И тут он вздрагивает. Опирается лбом на сведенные вместе руки, как бы принимая позу молящегося: невероятно, ужасно, абсурдно, даже смешно, свихнуться можно (если еще не свихнулся!) — ведь он не знает, как его зовут! Не знает ни имени, ни отчества, ни фамилии! Ни места жительства, ни места работы. Ничего не знает. Он закрывает глаза, ждет, не всплывет ли что-нибудь, ну хотя бы должность. Тщетно!
А открыв глаза, видит, что прямо у его ног на землю опустилась чайка. Птица смотрит на него, ковыляет на безопасном расстоянии вокруг скамейки, потом кидается под нее и показывается вновь с копченой салачьей головой и частью внутренностей в клюве. Глаз чайки — видна какая-то шелковисто-голубоватая радужка, — ехидный и коварный. Затем чайка поднимается в воздух. В памяти всплывает имя Хичкока. Кто такой Хичкок?..
Да кем бы тот ни был, сам-то он кто? Уж не душевно ли больной, сбежавший из сумасшедшего дома? Вроде нет, на нем не больничная пижама, на нем дорогой, бежевый костюм и брюки довольно прилично отглажены. Он только что прочитал на шелковой подкладке PURE SILK[2] и хотя эта этикетка, весьма потешная и двусмысленная, вызвала усмешку, он понял оба ее значения… Чайка, копченая салака, селедка… Какая жуть.

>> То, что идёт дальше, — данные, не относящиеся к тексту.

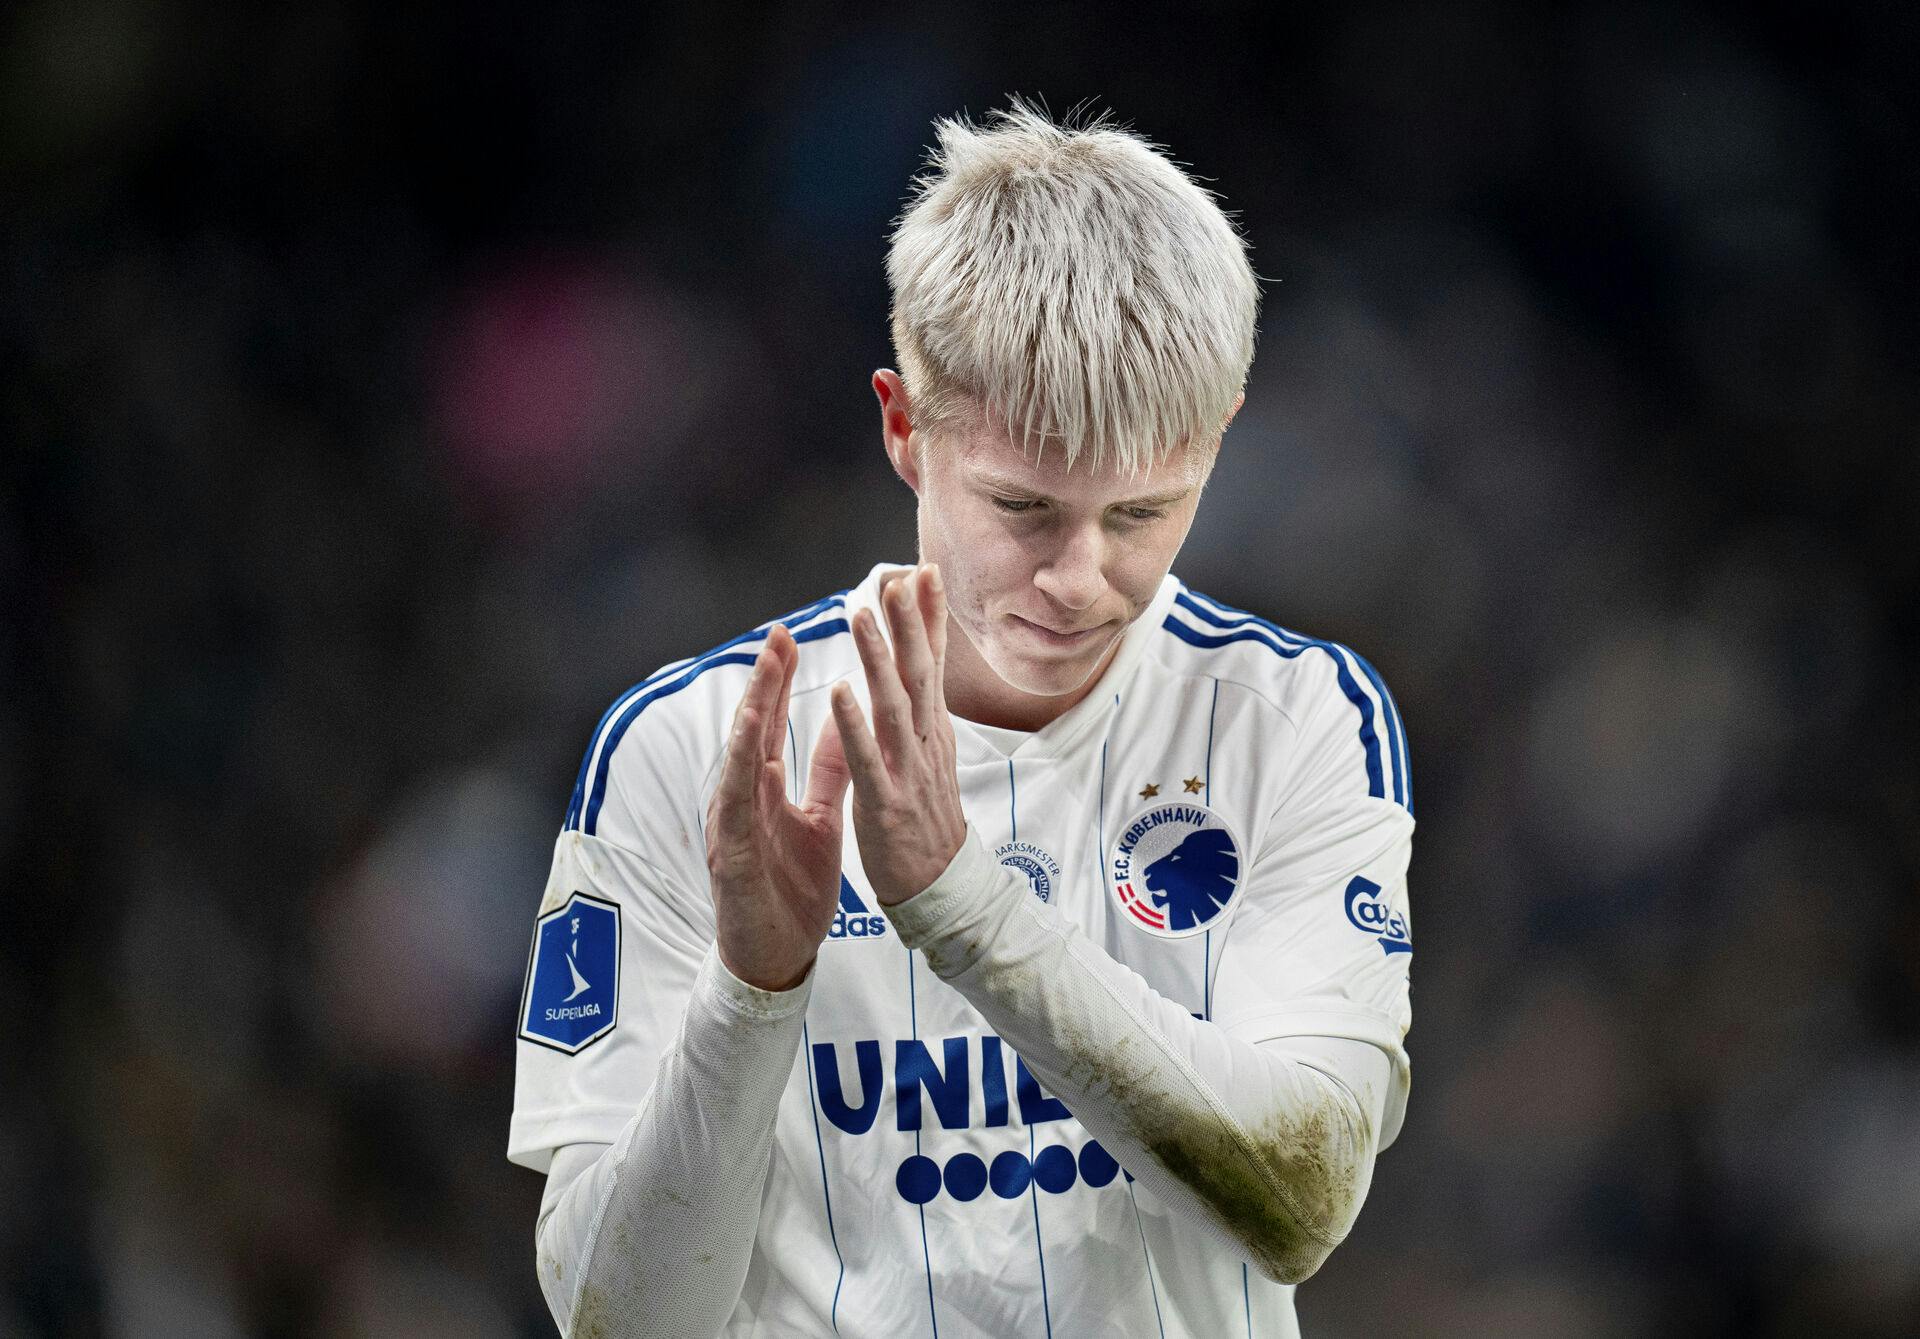 FCKs Hákon Arnar Haraldsson skiftes ud under superligakampen mellem FC København og AaB i Parken søndag den 26. februar 2023. (Foto: Liselotte Sabroe/Ritzau Scanpix)

Ясно, у него потеря памяти. Он достаточно наслышан о таких вещах. Потеря памяти или амнезия. У кого она бывает? У запойных пьяниц, у эпилептиков? Он явно не запойный пьяница. Он вполне может страдать эпилепсией, или падучей болезнью, хотя тогда… Хотя у эпилептиков будто бы потеря памяти временная — они забываются, когда бьются в судорогах. На вокзале вокруг эпилептика наверняка собралась бы толпа перепуганных и любопытных. Но ведь ничего подобного не было. А еще… Да, кто-то рассказывал, что один инженер, кажется, инженер по технике безопасности, потерял память, когда под тяжестью пропитавшегося водой снега рухнула крыша в цехе и погребла нескольких рабочих. Конечно, сбрасывать снег не входило в прямые обязанности инженера, но он нес ответственность за технику безопасности. Говорили, будто с его памятью было все в порядке до самого момента катастрофы. Ее он не помнил, ничего о ней не знал. Как видно, амнезию может вызвать большое потрясение. Но какое потрясение?
Вдруг я совершил что-нибудь ужасное? Кого-то убил?
Он смотрит на свои руки: нет ли на них следов крови? Нет. Руки чистые, не сказать что с маникюром, но со сносно подстриженными ногтями, с удаленной на полукружиях кожицей. Кстати, руки вовсе не рабочие.
И тут возникает неодолимое желание взглянуть на себя в зеркало: может быть, он себя узнает?! Вообще в какой-то степени он может представить свое лицо, в сознании всплывают фотографии, которые ему пришлось сделать при обмене паспорта (когда это было?). Странно ли то, что вспоминаются фотографии? Нет, кажется, не очень. Да у кого же вообще есть правильное о себе представление; пожалуй, у немногих, потому что, подходя к зеркалу, мы подсознательно принимаем определенный вид, который считаем своим. От неожиданного взгляда в зеркало ведь испугаться можно.